Petitioner as declared subsequently is to relate back to the date when the original result failing her was declared, it would only make the Petitioner

eligible as on the cut off date. The fact, however, still remains that the Petitioner had not submitted any application by the cut off date. Can he be

permitted now to submit an application much beyond the cut off date. Whatever may be the reason, or whosoever fault it may be, but the factual

position is that there is No. application form submitted by the Petitioner by due date. There may be so many candidates who are eligible but may

not have applied for variety of reasons. They certainly cannot be heard to say that they somehow could not submit their application forms though

were eligible on the cut off date and so should be permitted to apply after the cut off date as they could not apply earlier may be due to somebody

else''s fault. They certainly cannot and ought not to be permitted to maintain such a plea simply because of some circumstance has intervened

rendering the Petitioner ineligible or unable to apply in time would not give any right and entitlement to the Petitioner to seek a mandamus for

entertaining her application much after the cut off date. It will make the cut off date to lose its sanctity, which, as per various decisions noticed

above has to be kept inviolate.

17. It may need a notice here that the Hon''ble Supreme Court in Ashok Kumar Sharma''s case (supra) was dealing with a review petition which

had been admitted on the following two issues:

(1) Whether the view taken by the majority (Hon''ble Dr Thommen and v. Ramaswami, JJ.) that it is enough for a candidate to be qualified by the

date of interview even if he was not qualified by the last date prescribed for receiving the applications, is correct in law and whether the majority

was right in extending the principle of Rule 37 of the Public Service Commission rules to be present case by analogy?

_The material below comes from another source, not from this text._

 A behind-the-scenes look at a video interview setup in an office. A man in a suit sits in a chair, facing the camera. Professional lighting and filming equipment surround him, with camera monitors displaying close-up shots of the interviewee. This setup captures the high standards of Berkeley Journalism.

(2) Whether in the facts and circumstances of the case, would it not be just to restore the direction of the Division Bench to treat the candidates

who were not qualified by the last date of receipt of applications as juniors, as a class, to those who were qualified, was not a just one?

The Hon''ble Supreme Court held the view expressed and issue No. 1 to be unsustainable in the eyes of law as is noticed in earlier part of this

judgment.

18. Even in Charles K. Skaria''s case what was observed was that a diploma must be obtained at least on or before the last date of application

and the proof thereof is different from factum of having got it. Applying this ratio, it can be observed that the Petitioner may have passed the

examination by the cut off date and, thus, was eligible to apply and it was prudent for him to produce this evidence if he had applied for the post.

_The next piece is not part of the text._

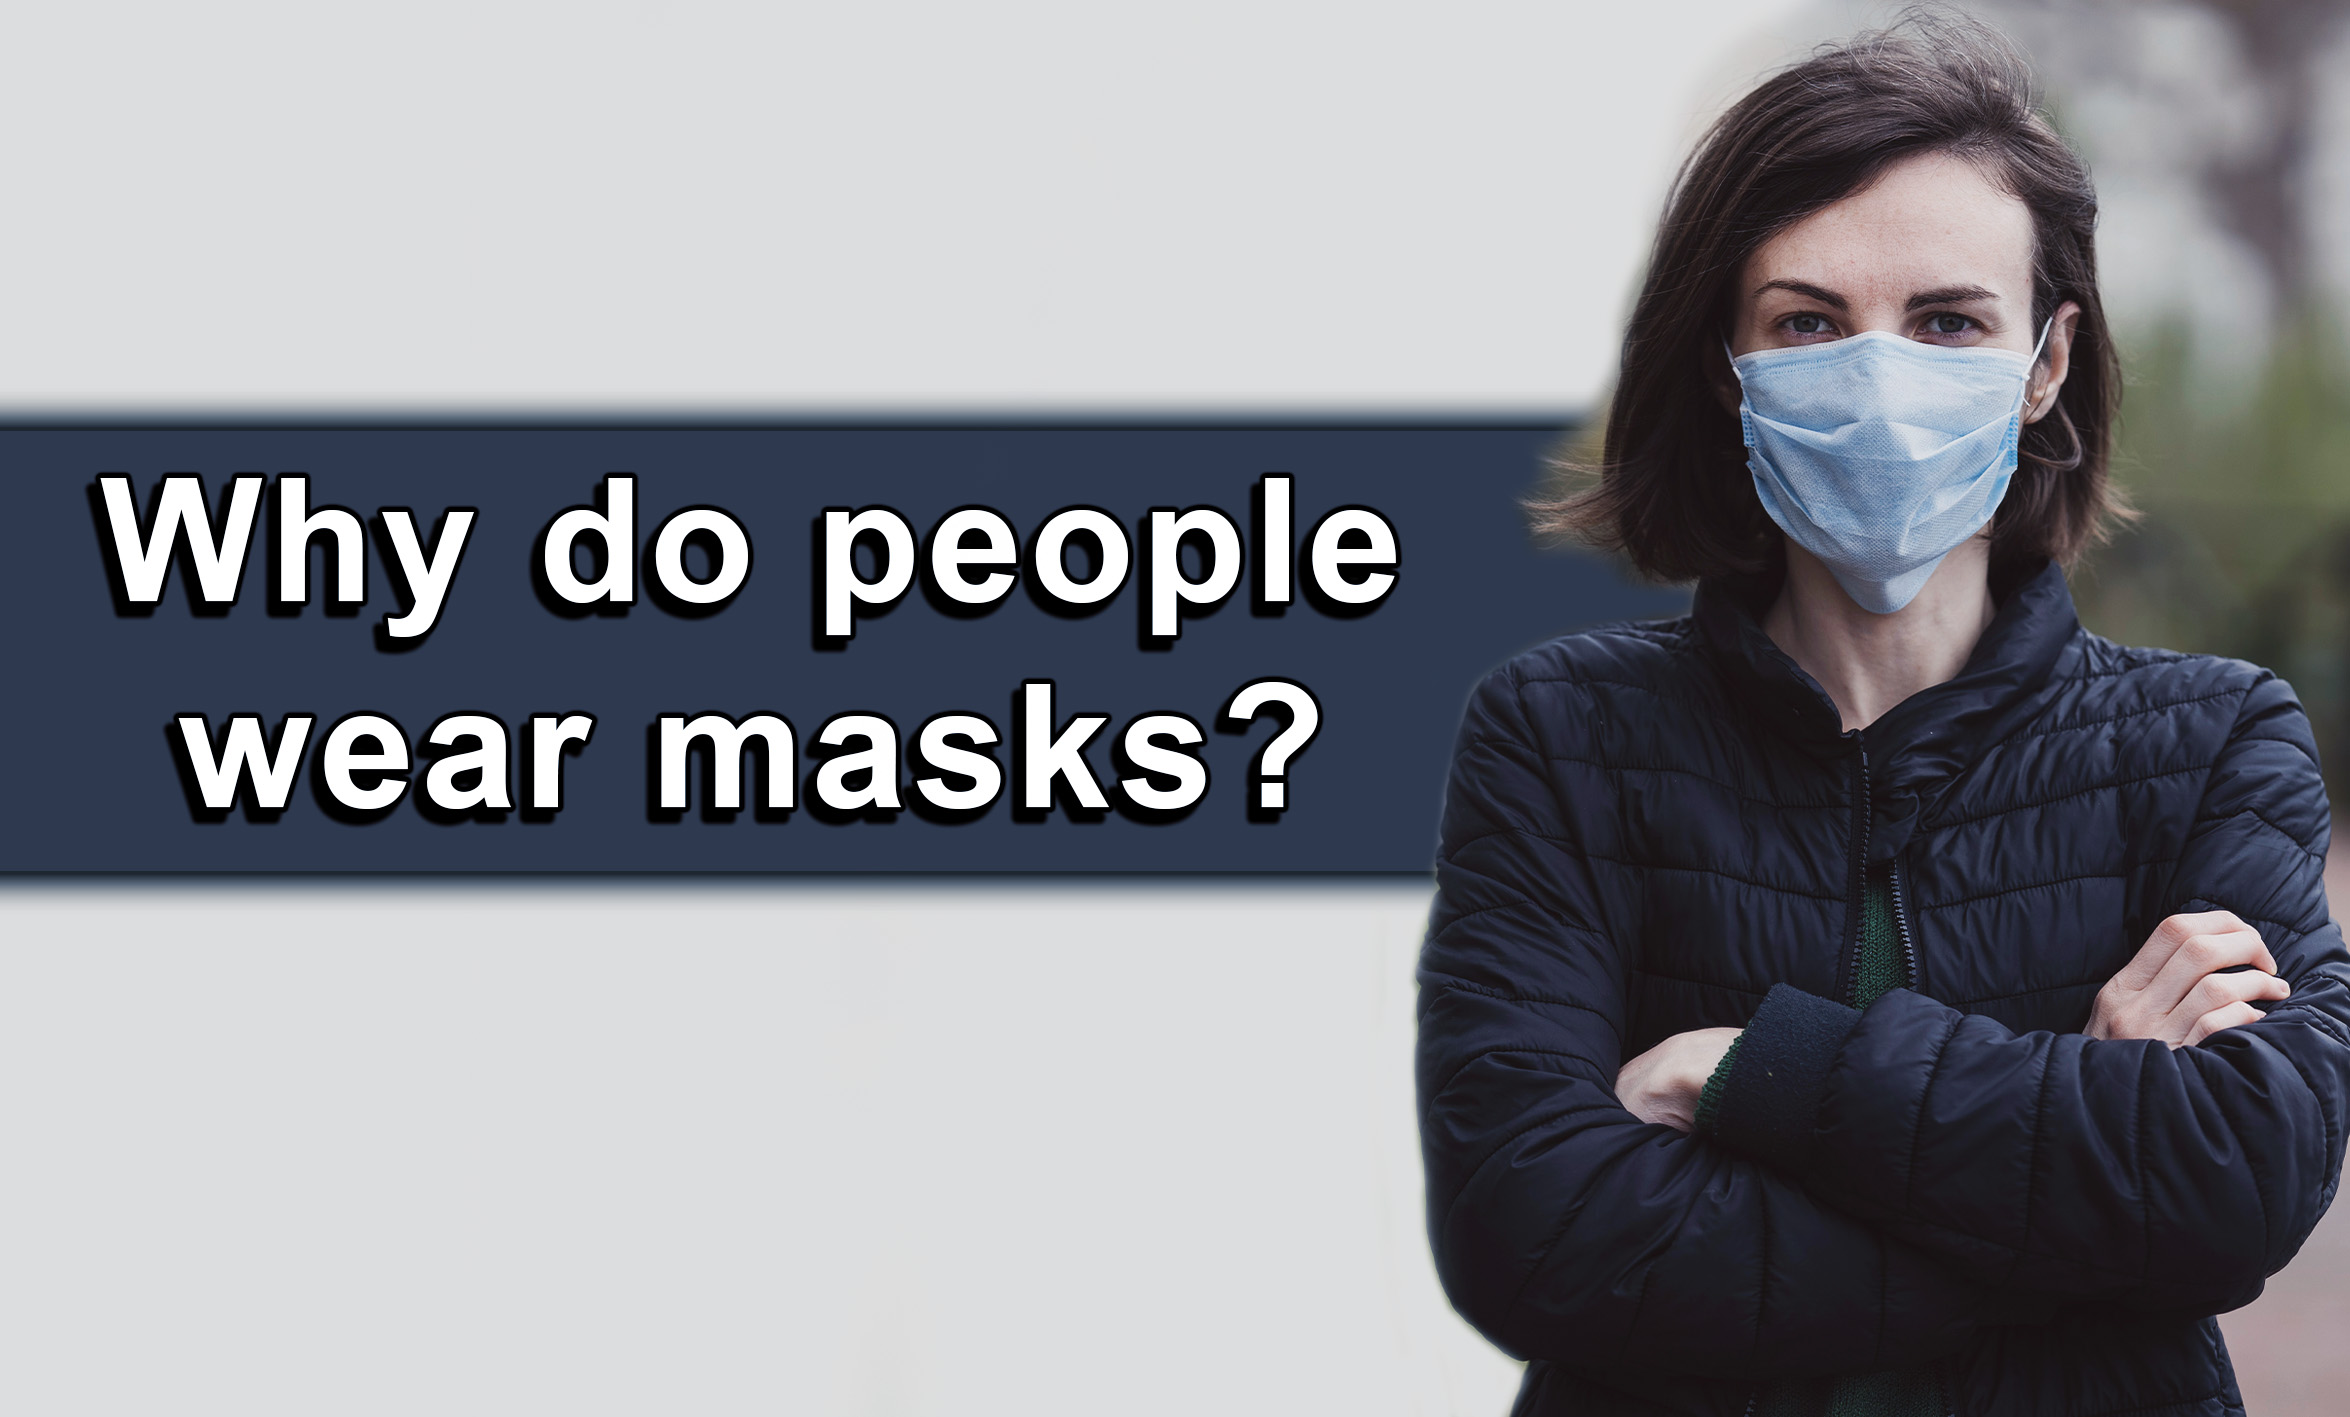 Why do people wear masks

The Hon''ble Supreme Court has clearly held that relaxation of a date about obtaining an eligibility would be illegal but not so for providing proof.

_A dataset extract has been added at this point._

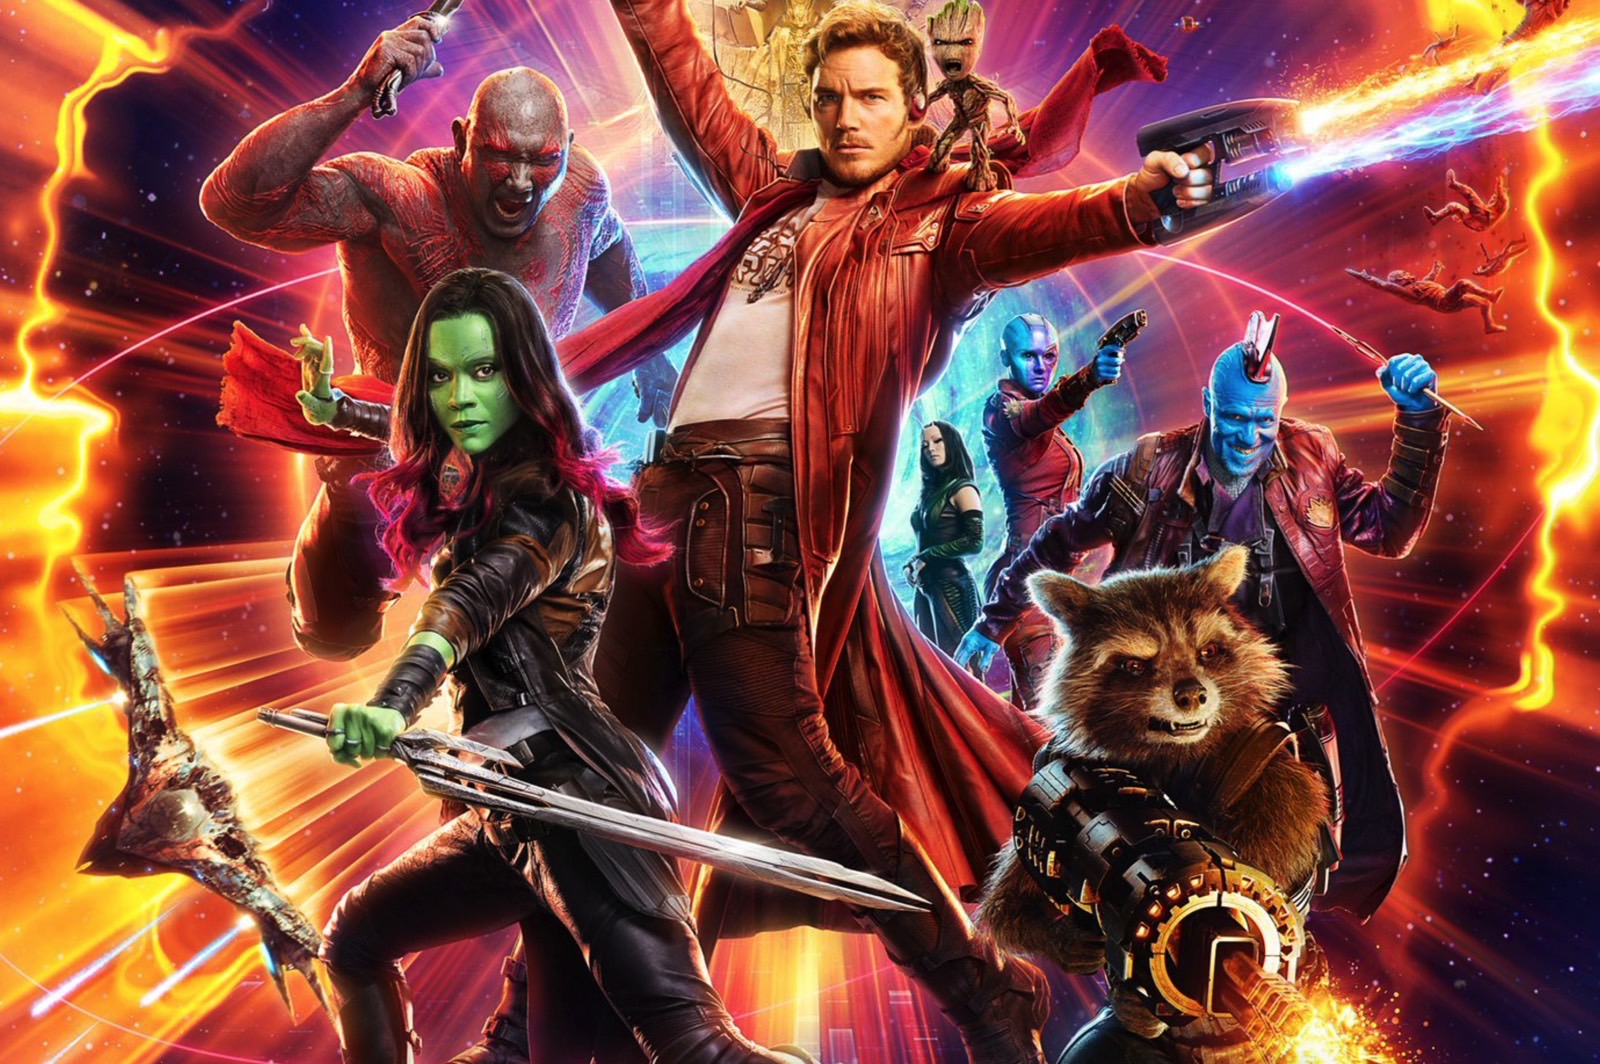 James Gunn teases Guardians of the Galaxy 3 Holiday Special on Disney+

This would have been relevant if the Petitioner had submitted her application by the due date. Here the question of proof does not arise as there is

No. application submitted by the Petitioner. Moreover, the diploma in case only entitled the Petitioner therein addition of 10 marks but was not

relevant for determining the eligibility or essential qualification for submitting application. The ratio in this case would not apply to the facts in this

case.

19. Taking the totality of the circumstances and the facts in view, it will not be fair to issue direction for entertaining the application of the Petitioner,

who somehow was unable to apply, may be because of wrong declaration of her result. It is primarily because of some fault on the part of

Respondent-School Board that this situation has resulted. If the Petitioner feels aggrieved against this action and is able to establish some culpable

neglect or any such ground entitling her to seek damages or compensation, she may adopt that course, if so advised. This would not be a ground to

issue mandamus as prayed for by the Petitioner. One may sympathise with the Petitioner but sympathy has No. role to play while construing legal

provision or a statute. The Court cannot interpret the provision or a legal position by ignoring the binding decisions by way of sympathy-[See

Maruti Udyog Ltd. v. Ram Lal and Ors. 2005 (2) SCC 638].

The writ petition is accordingly dismissed. There shall be No. order as to costs.